Requirement :: Pull out every line from the line containing "French, 19th century" through the end of the material, both ends included, and reproduce it exactly. Keep pictures out.

---

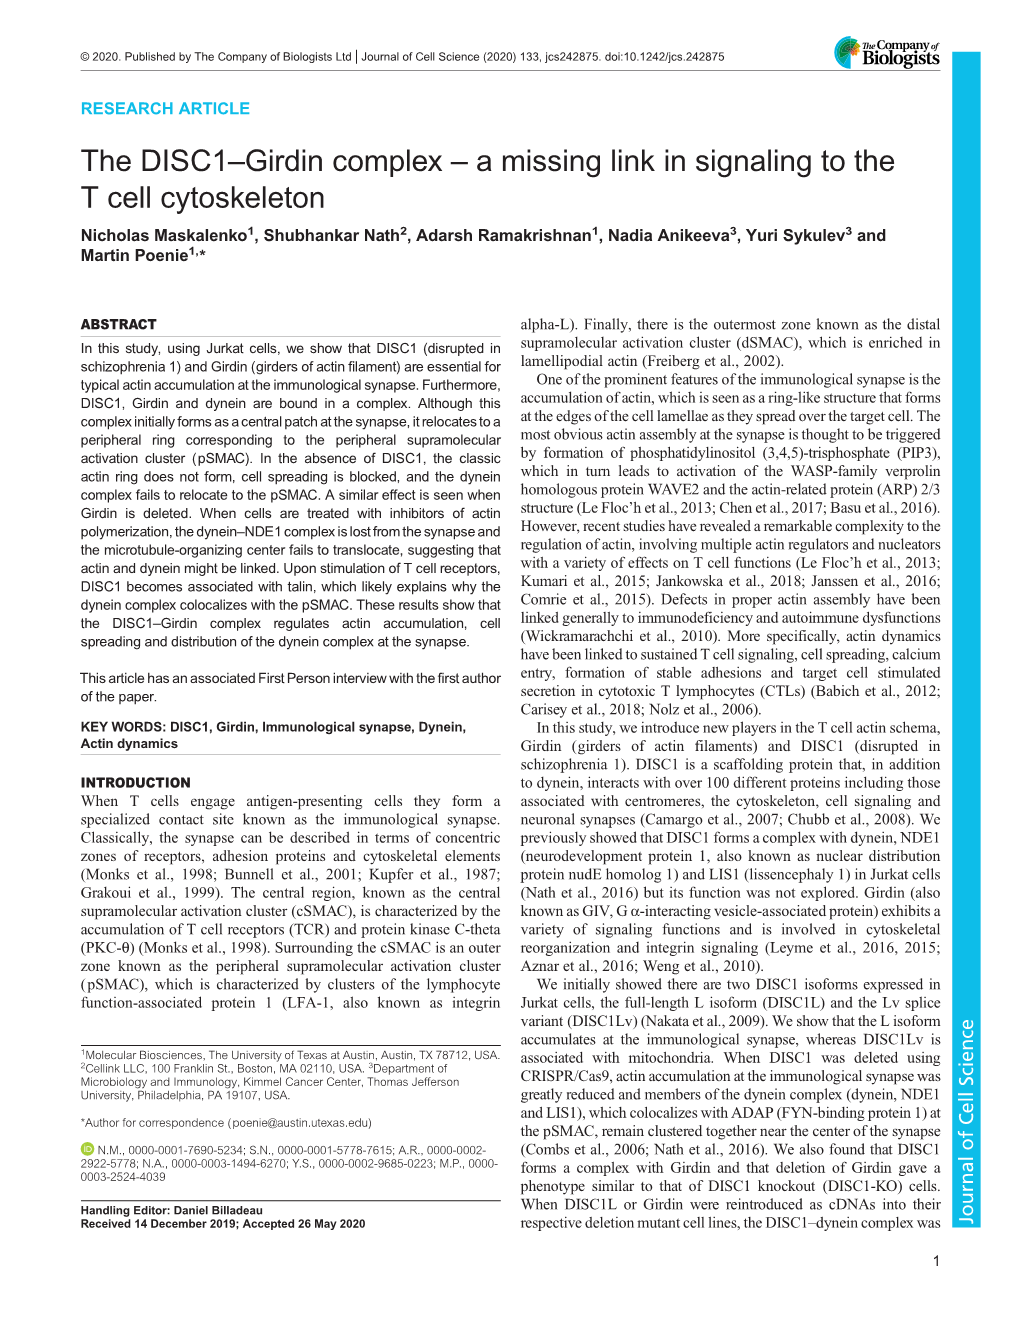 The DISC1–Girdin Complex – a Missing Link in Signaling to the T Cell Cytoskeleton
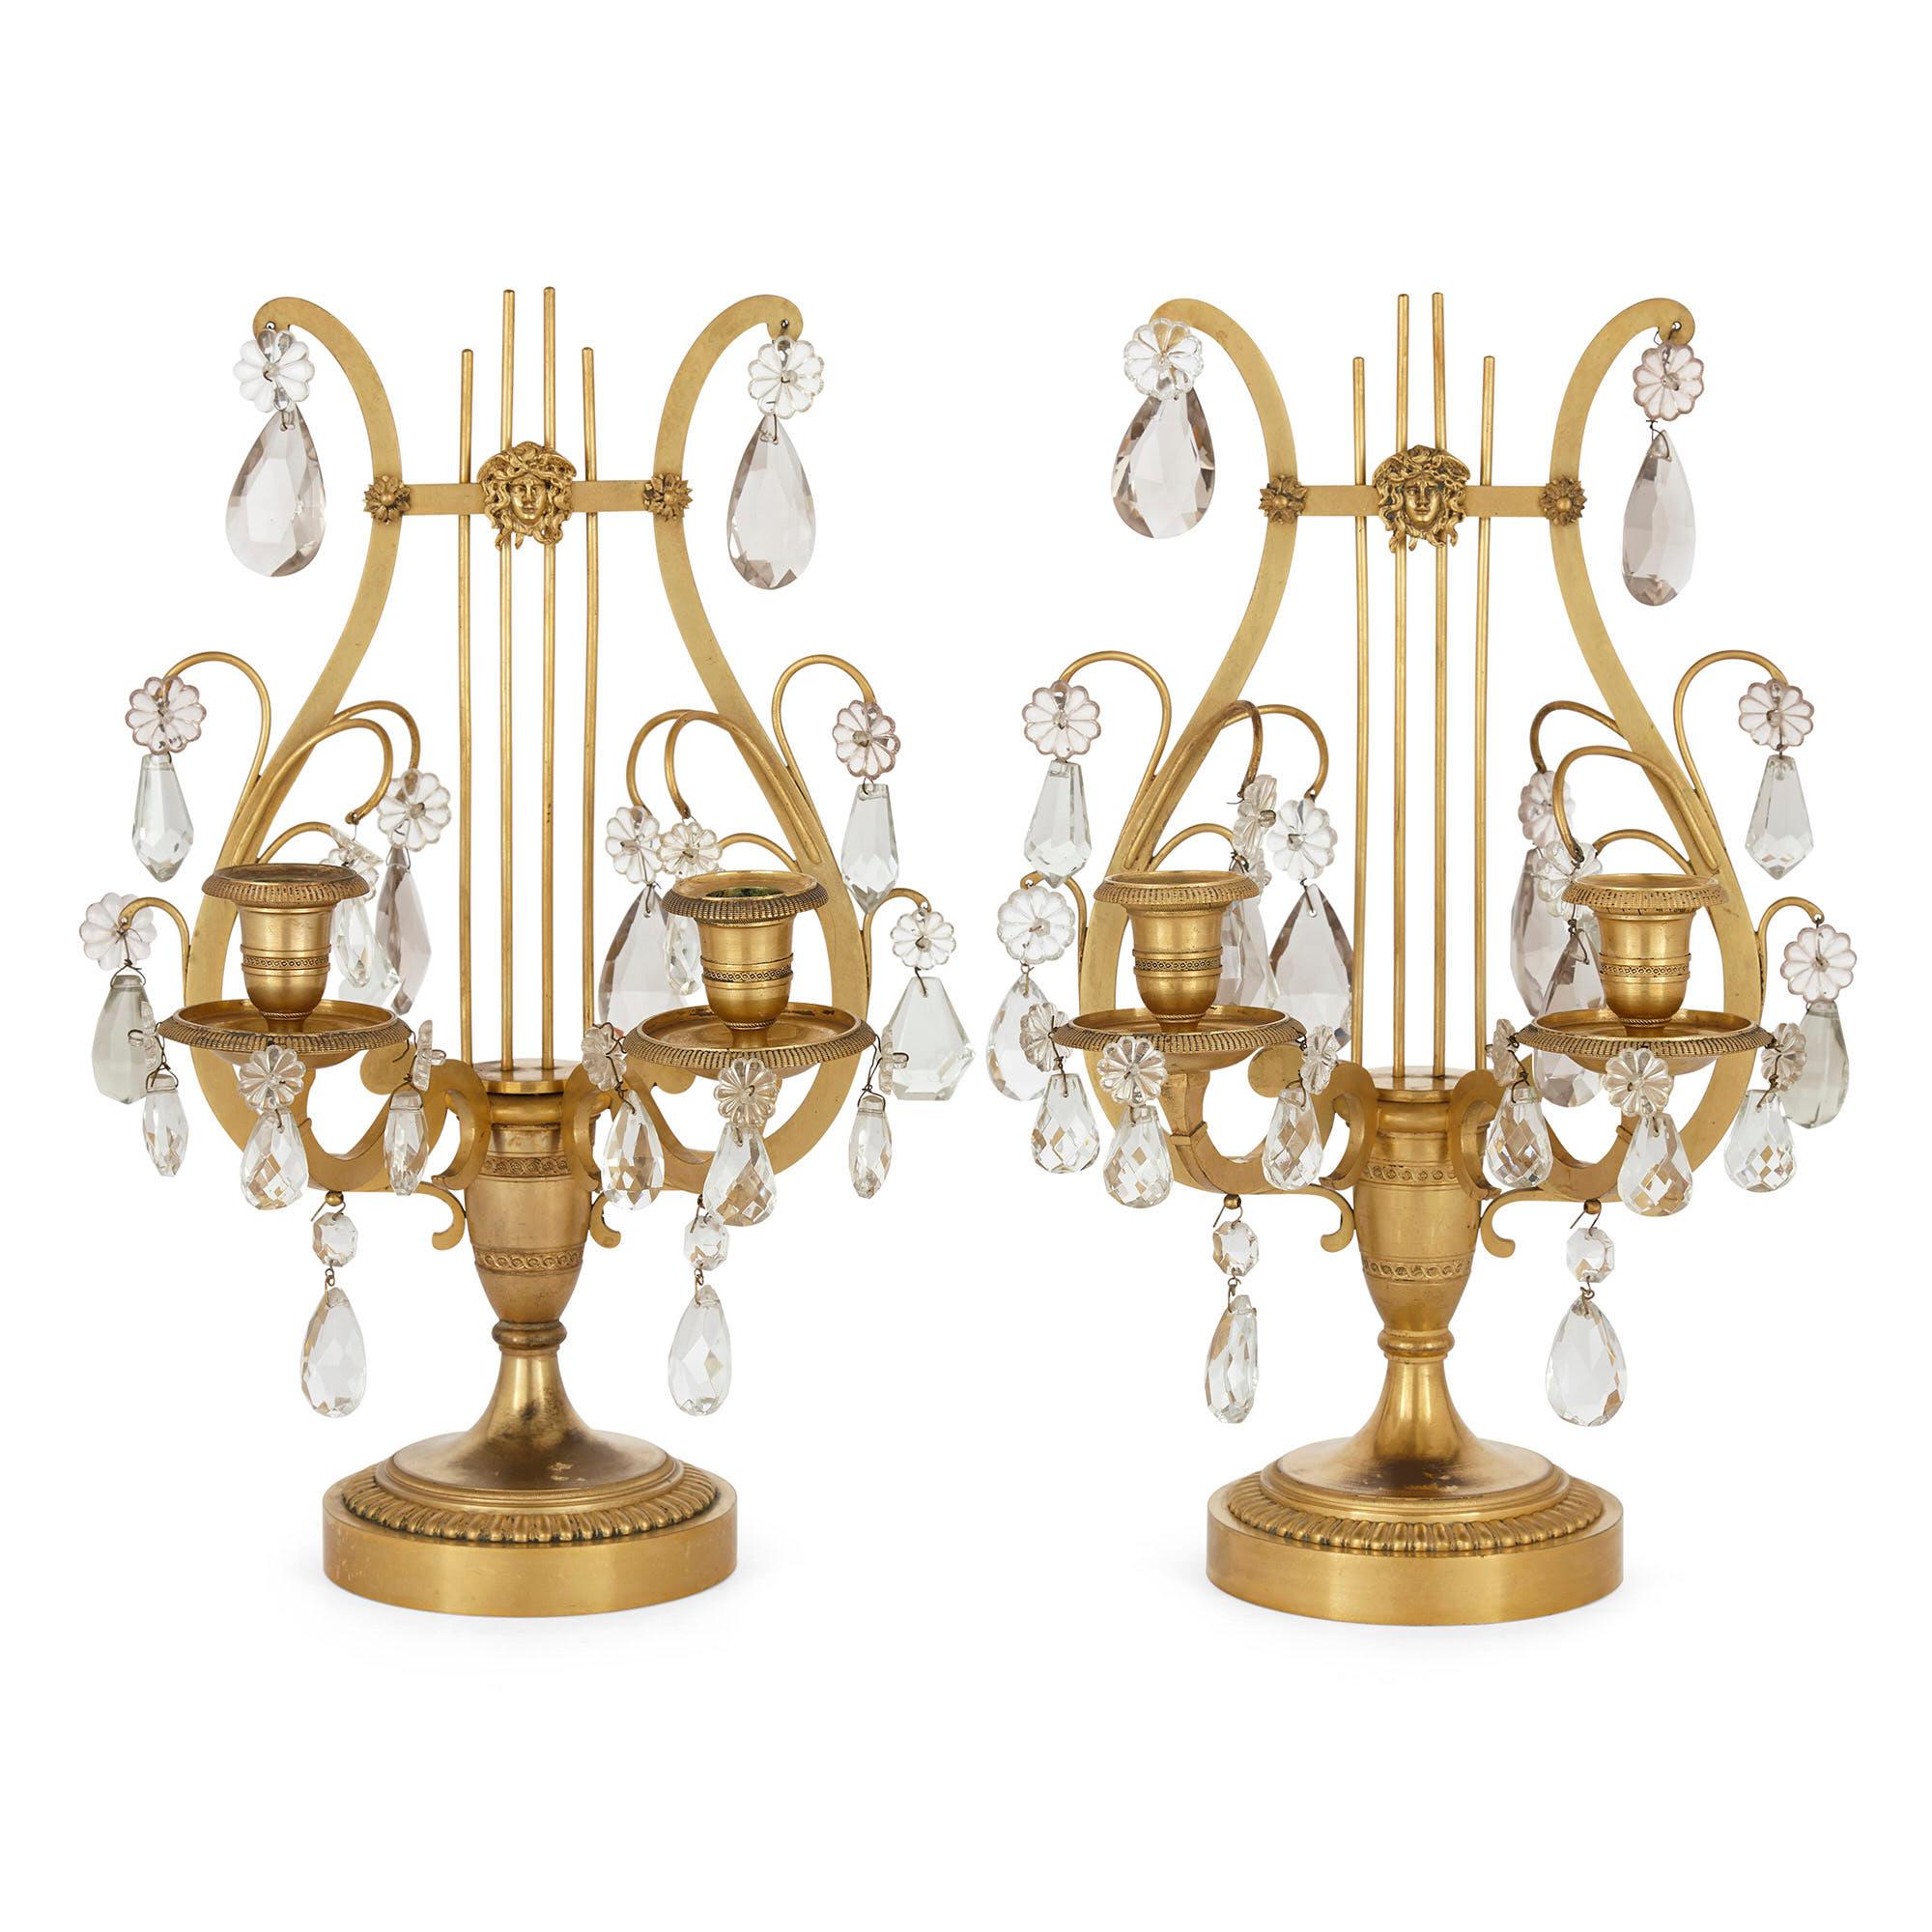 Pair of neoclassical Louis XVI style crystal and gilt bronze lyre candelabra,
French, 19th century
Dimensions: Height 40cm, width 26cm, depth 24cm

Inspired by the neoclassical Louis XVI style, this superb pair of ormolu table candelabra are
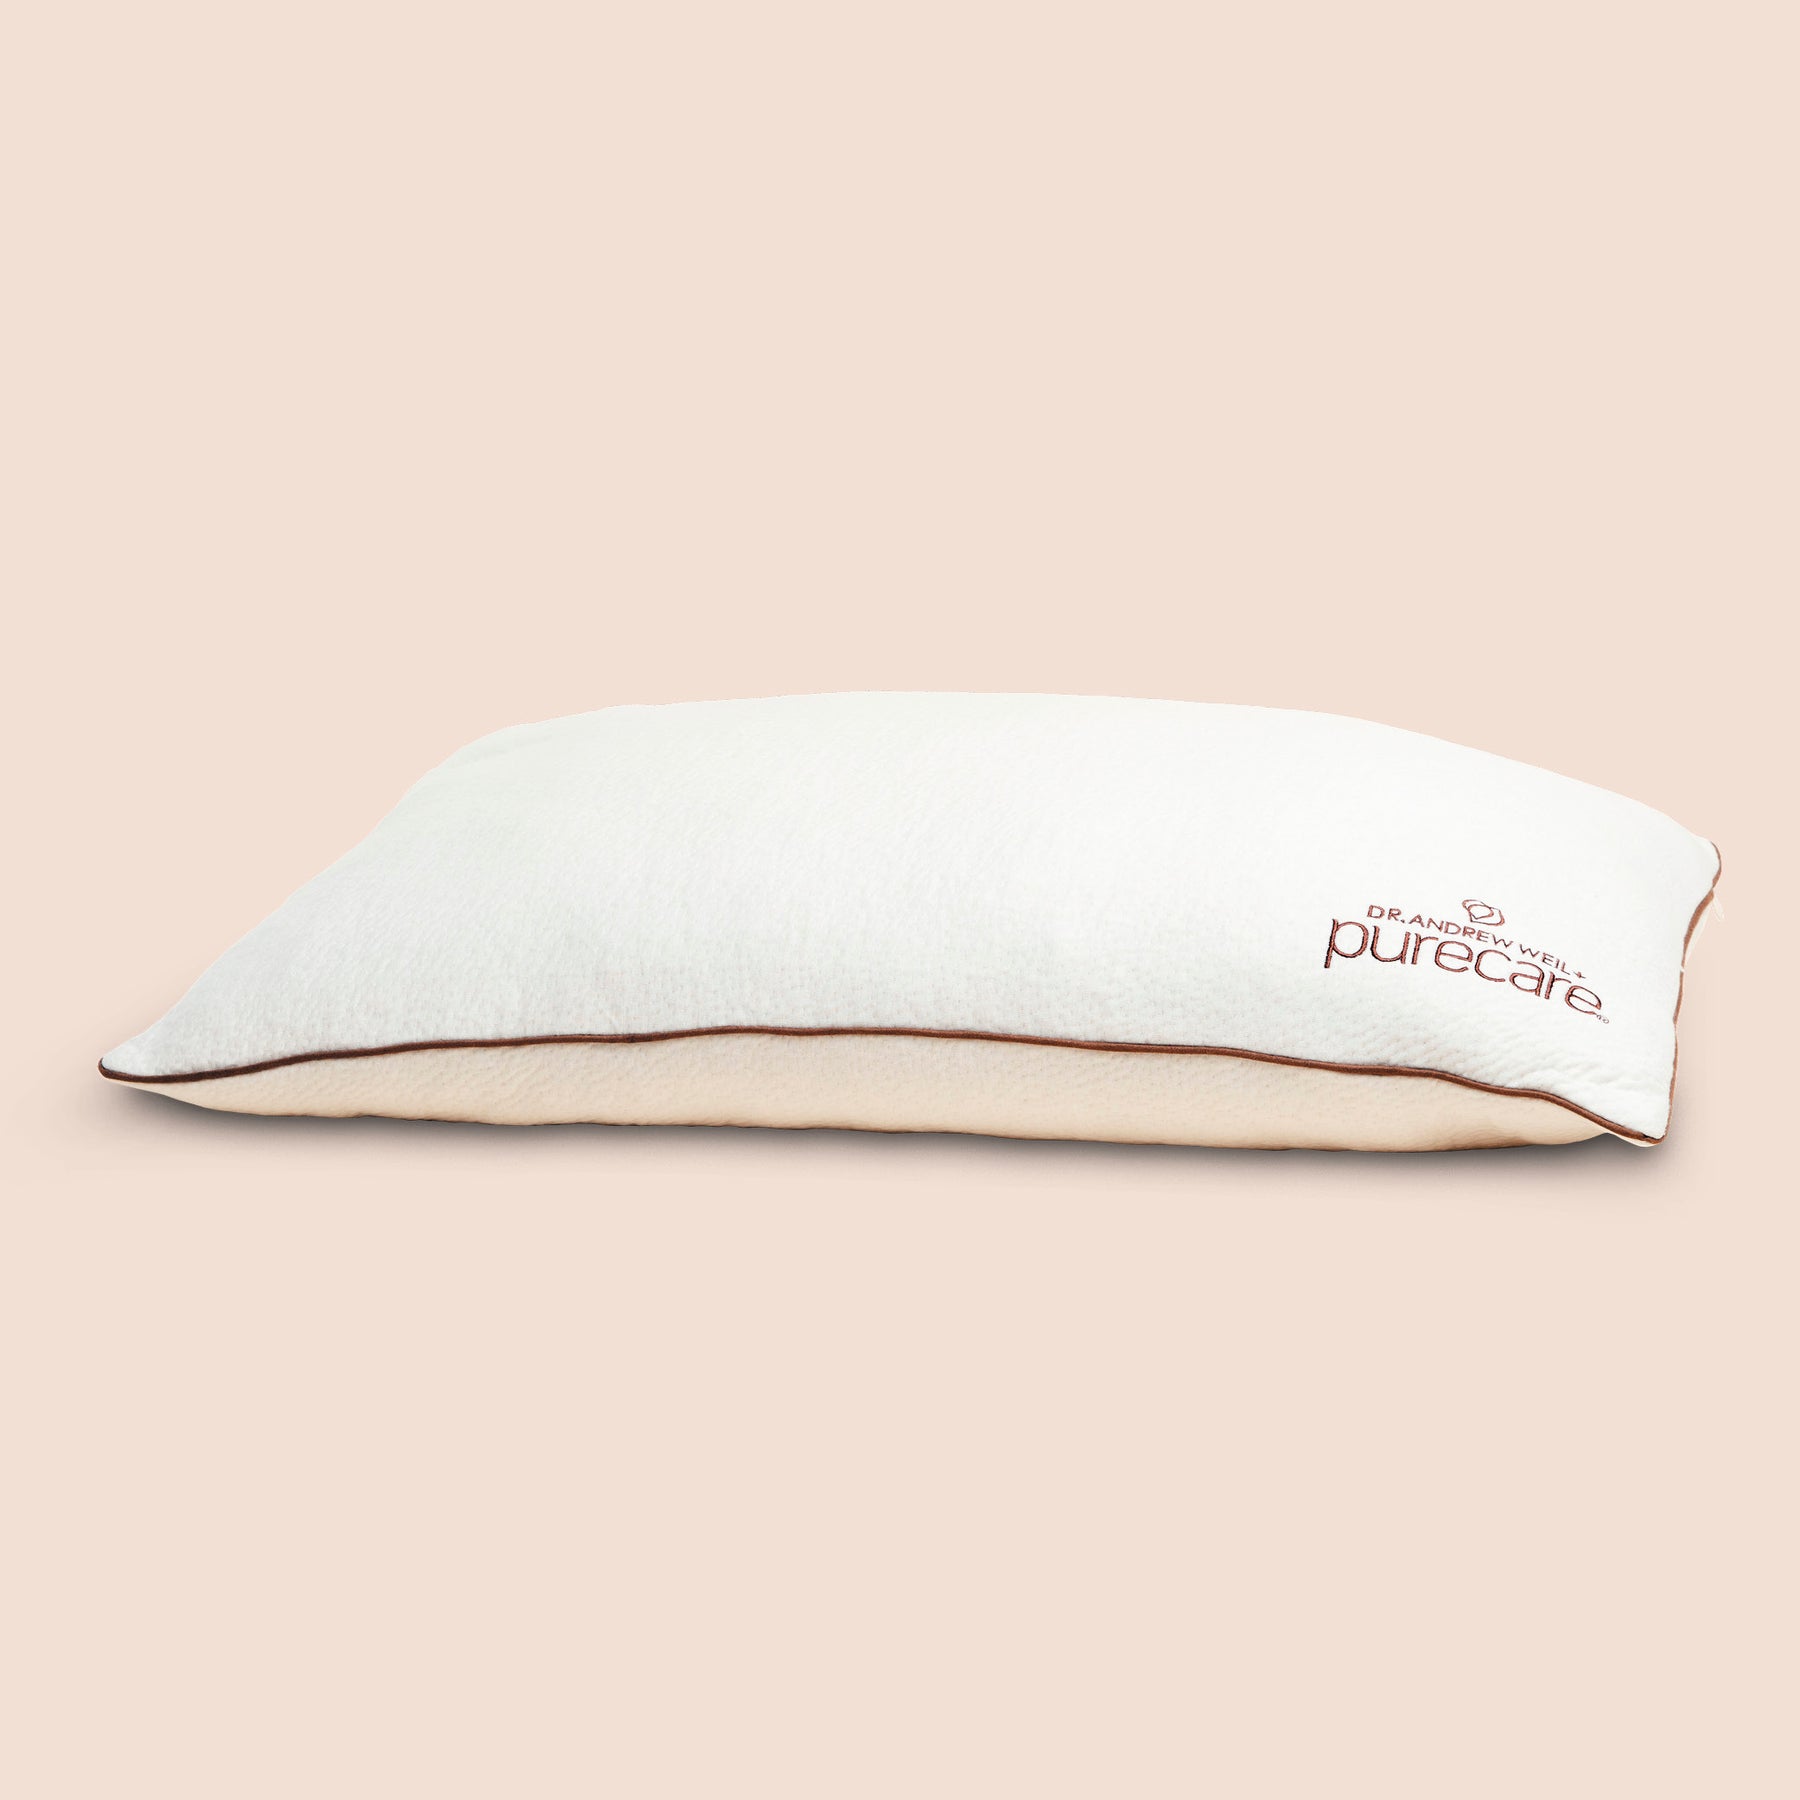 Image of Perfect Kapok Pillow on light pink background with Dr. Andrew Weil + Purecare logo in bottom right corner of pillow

---

Problem solution ::
French, 19th century
Dimensions: Height 40cm, width 26cm, depth 24cm

Inspired by the neoclassical Louis XVI style, this superb pair of ormolu table candelabra are
 Image of Perfect Kapok Pillow on light pink background with Dr. Andrew Weil + Purecare logo in bottom right corner of pillow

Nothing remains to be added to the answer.